Windows 11 build 24H2 or newer required — the new Windows MIDI Services aren’t available on Windows 10 or earlier Windows 11 builds.

One-time setup:

  1. Install Microsoft’s Windows MIDI Services SDK Runtime and Tools (~220 MB). TWEAKER’s MIDI dropdown has a “How to use MIDI from a DAW…” entry with a Download Now button that takes you here.
  2. Launch the Windows MIDI and Musician Settings app from the Start menu.
  3. Click the blue Finish MIDI Setup button at the top; restart Windows if prompted.
  4. Click Set MIDI Service to auto-start at boot so the service is ready before basehead launches.
  5. (Optional) Under MIDI 2.0 Loopback Endpoints, click Create New Loopback Endpoint Pair and name them TWEAKER A / TWEAKER B. If you skip this, the built-in Default App Loopback (A)/(B) pair works just as well — TWEAKER shortens these to Def. Loopback (A)/(B) in its dropdown.
Windows MIDI and Musician Settings app — Finish MIDI Setup and Loopback Endpoint configuration

Every session:

  • In your DAW: set the MIDI hardware output to Default App Loopback (A) (or TWEAKER A if you made your own pair).
  • In TWEAKER: the MIDI In dropdown can stay on All MIDI Inputs (default), or be set explicitly to Def.

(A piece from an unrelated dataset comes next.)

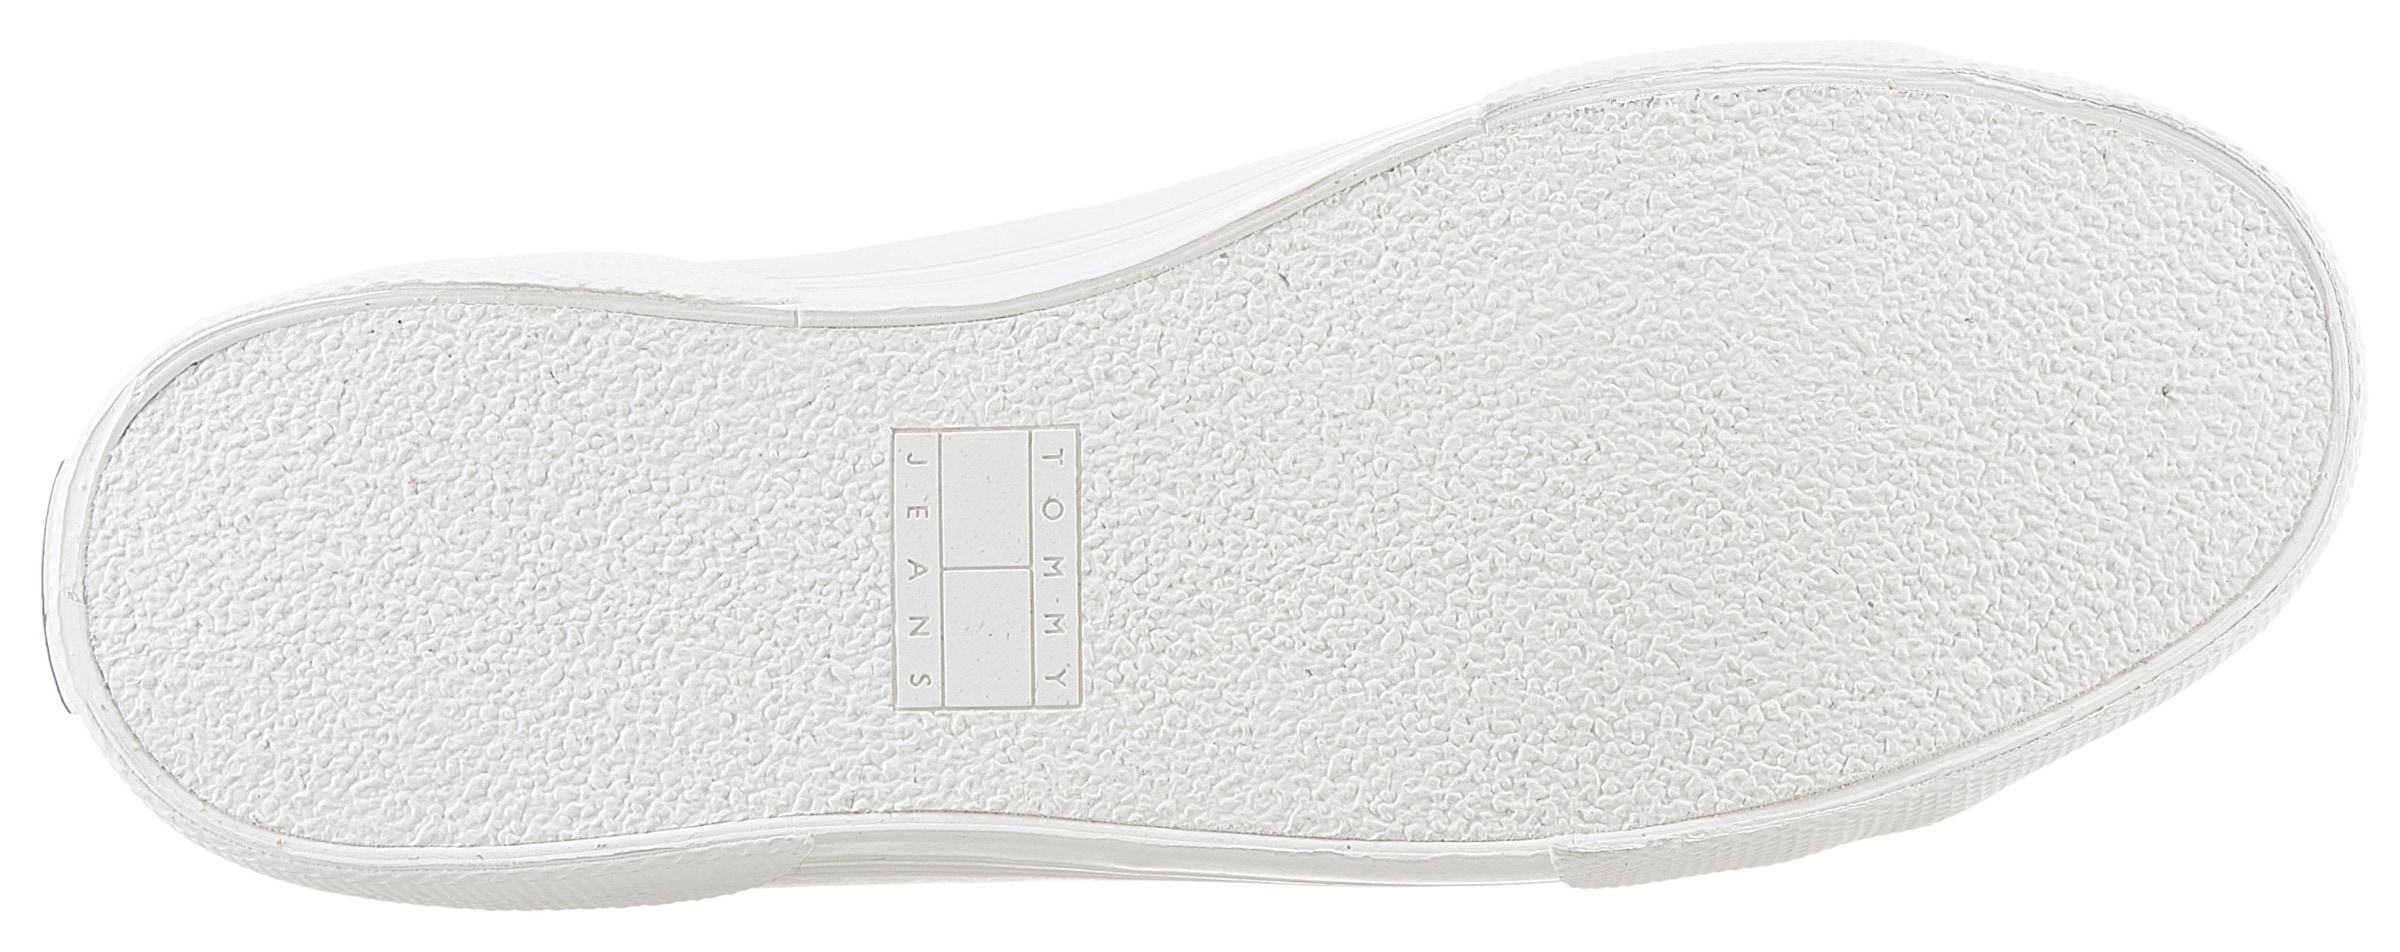 Tommy Jeans Sneaker »TJM LACE UP CANVAS COLOR«, mit Label, Freizeitschuh, Halbschuh, Schnürschuh

Loopback (B) (or TWEAKER B).
  • The ● dot next to MIDI In: in the TWEAKER header blinks on each incoming MIDI message — quick way to confirm receive is alive.
DAW MIDI output set to Default App Loopback (A) routing into TWEAKER

Troubleshooting:

  • No loopback entries in TWEAKER’s dropdown: re-run “Finish MIDI Setup” in the Windows MIDI Settings app, and confirm a loopback pair exists under “MIDI 2.0 Loopback Endpoints”.
  • Entries show up but notes don’t arrive: in the MIDI Settings app, Active Sessions should list both basehead and your DAW as open clients of the loopback endpoints.
  • Worked, then stopped after relaunching the DAW: occasionally Windows MIDI Services keeps stale handles to changed endpoints. Quit and relaunch both the DAW and basehead.